Class overview
- Name: Type 312 class minesweeper
- Builders: Hudong-Zhonghua Shipyard
- Operators: People's Liberation Army Navy

General characteristics
- Type: Drone minesweeper
- Displacement: 47 t (46 long tons; 52 short tons)
- Length: 20.9 m (68 ft 7 in)
- Beam: 3.9 m (12 ft 10 in)
- Draught: 2.1 m (6 ft 11 in)
- Propulsion: 1 × Type 12V150C diesel engine; 300 hp (224 kW); 1 shafts;
- Speed: 25 knots (46 km/h; 29 mph)
- Range: 144 nmi (267 km; 166 mi) at 12 kn (22 km/h; 14 mph)
- Complement: 3 (when crewed)
- Armament: Machine gun mount available for operation

= Type 312 minesweeper =

Chinese minesweeping drone

The Chinese Type 312 class minesweeper was also known as Futi class. It was the first remote minesweeping drone, and was successfully used in the Vietnam War.
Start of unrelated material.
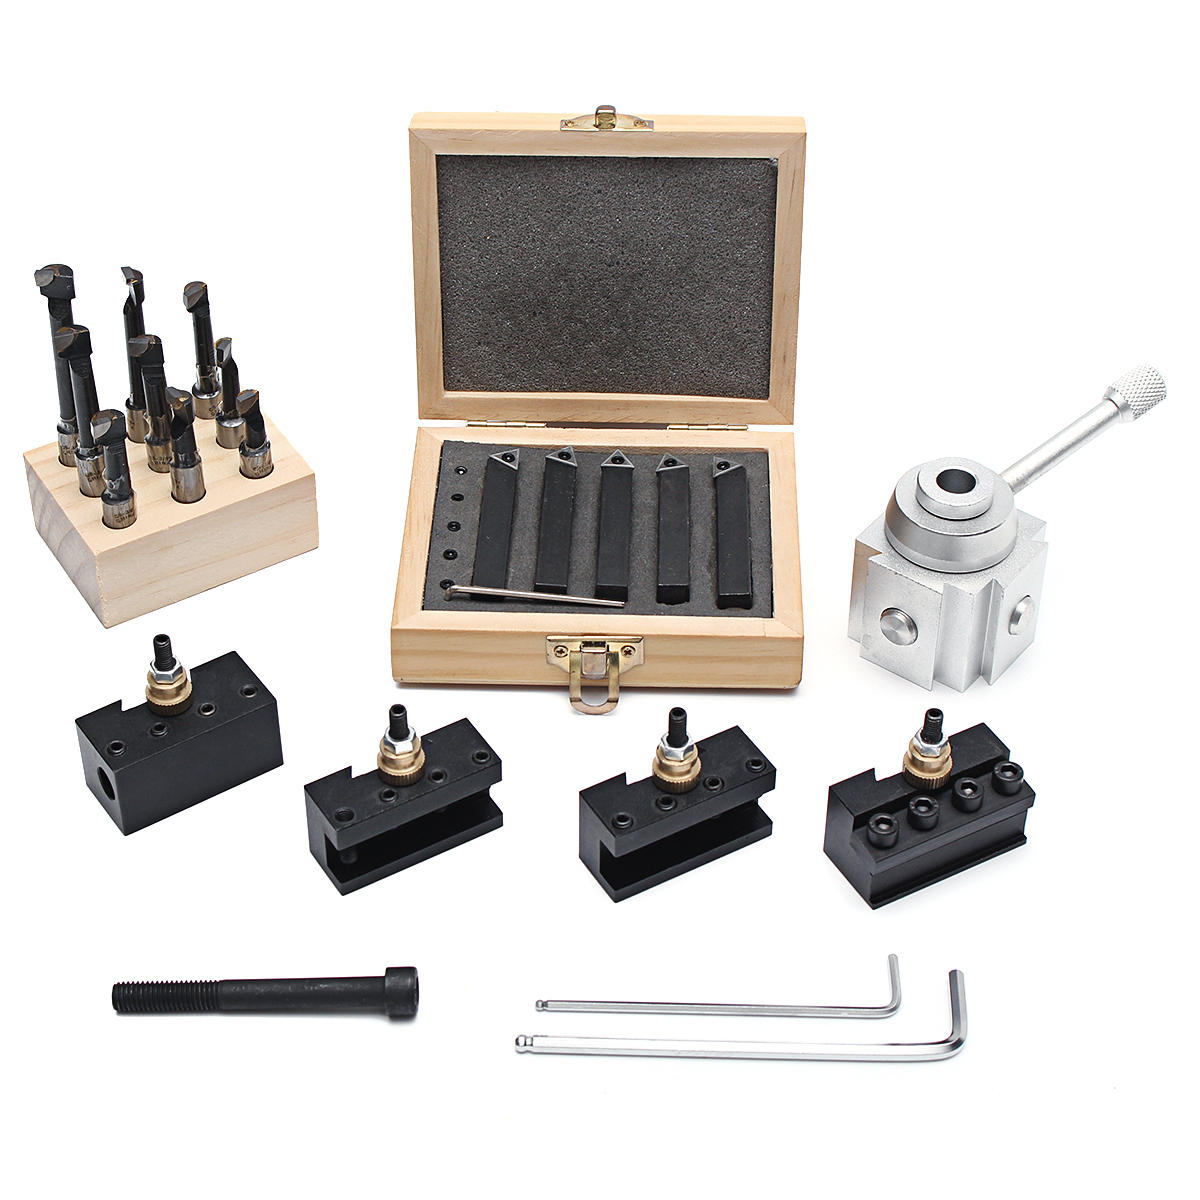 

Mini Quick Change Tool Post Holder Set with 9pcs 3/8 Inch Boring Bar and 5pcs Indexable Blade

Although originally designed as a minesweeping drone, the Type 312 can also be crewed by a 3-member complement as a regular minesweeper. The chief designer was Mr. Diao Haiguang (刁海光) of the 710th Institute, and from the start of the project to the completion of the first two units (two units are being built simultaneously), it only took less than two years when the first two units entered the service for the People's Liberation Army Navy. Due to its small size, this class is maintained on land and thus is in better conditions than most of other larger boats and ships in the reserve fleet. The drone can be remotely operated from more than 5 km away.